All of ONDA's work to protect Oregon's high desert benefits this unique species. Your donation will support campaigns to preserve wilderness areas that will benefit and protect the vital sagebrush habitat which is critical for the pygmy rabbit to survive and thrive. With your help, pygmy rabbits will not be lost to future generations.
Activities currently underway in our Central Oregon Wilderness Campaigns , Owyhee Wilderness Campaign, Hart-Sheldon Wildlife Connectivity Project, Badlands Wilderness, and our Sage-grouse core habitat mapping program need community support and resources to help ensure sagebrush systems remain intact for all sensitive wildlife, most notably, the pygmy rabbit.
Thank you for supporting this important work to conserve the pygmy rabbit. Caring people like you can and will make a difference in the preservation of Oregon's unique desert ecosystem and the creatures that call these landscapes home.
About The Wildlife In The Owyhee Canyonlands The broad sage brush steppe uplands that flank these Wild and Scenic Rivers contain nationally significant public lands. Among them are hundreds of thousands of acres of outstanding desert wilderness and important sage steppe and riparian wildlife habitat. The Owyhee country is home to redband trout, pronghorn, California bighorn sheep, pygmy rabbit, Brewer's sparrow, sage thrasher, horned lark, northern sagebrush lizard, short-horned lizard, and one of the highest concentrations of sage grouse leks (breeding areas) in southeast Oregon.
About the Pygmy Rabbit
Physical Characteristics The pygmy rabbit is 9 to 11 inches long with a to 1 inch long tail and weighs 13 to 16 ounces. It is the smallest rabbit in the world. The fur on its back is long and silky. In the summer the fur is brown but in the winter it fades to gray.
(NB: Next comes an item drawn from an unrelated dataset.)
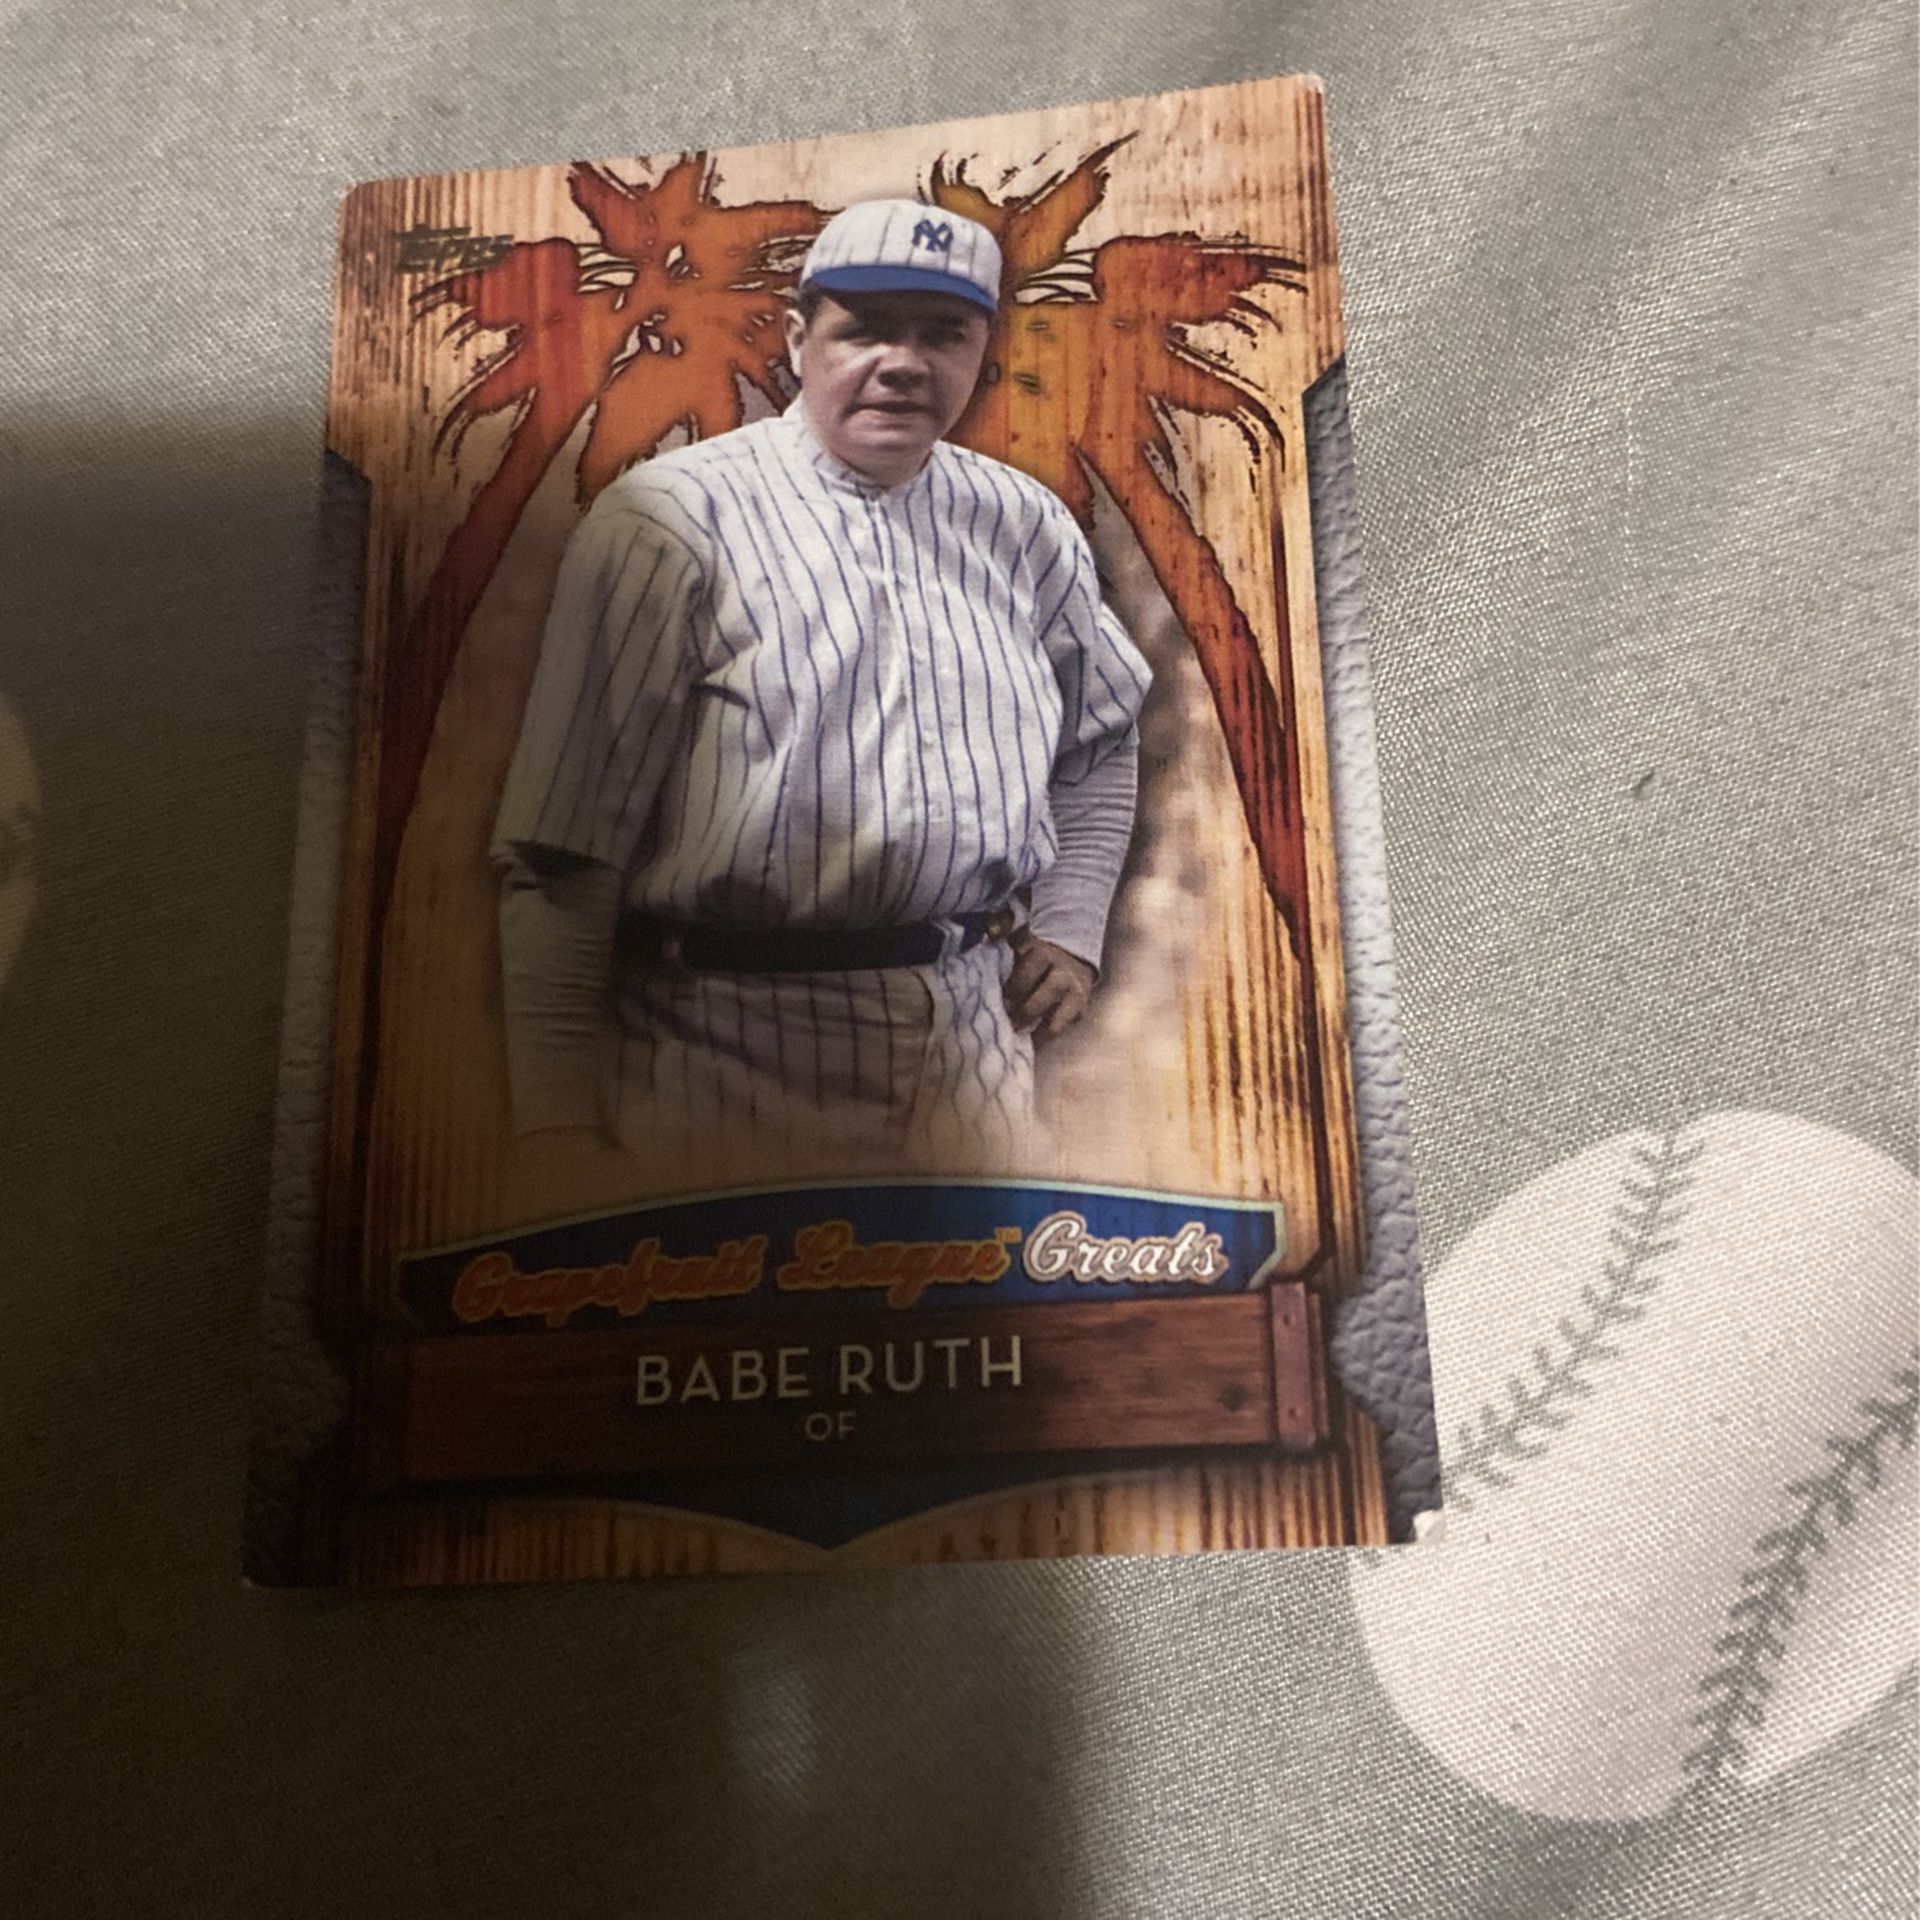 Babe Ruth Baseball Card for Sale in Lawtey, FL - OfferUp

Its torso or underside is a whitish color. Its ears are short and have fur only on the inside edge.
Behavioral Characteristics The pygmy rabbit is a solitary animal however it will make whistling calls if it detects a nearby predator in order to warn its neighbors of the danger. It uses its claws to dig a large burrow system underground with several entrances. It uses its burrows to travel to different feeding areas. They normally do not leap, mostly scampering close to the ground.
Life Cycle The location of the population of the pygmy rabbit determines the breeding season. In Idaho the breeding season is from March to May and in Utah the breeding season is from February to March. Each female can produce up to 3 litters in a single breeding season. The gestation or pregnancy lasts 27 to 30 days. Each litter has 4 to 8 offspring with an average of 6. Both the male and the female of this species appear to reach sexual maturity at about 11 months old. The lifespan of this animal is not well known. Most (88%) die from predation. This includes infants, juveniles and adults. The majority of deaths occur between birth and 5 weeks old.
Diet The pygmy rabbit is herbivorous, feeding mostly on big sagebrush. It also will eat other plant species that are closely related to the big sagebrush. It climbs far into the bush before starting to eat which is unusual for a rabbit.
Habitat The pygmy rabbit is found in the western United States of America in an area known as the Great Basin. It occupies arid habitats where there is an abundance of big sagebrush.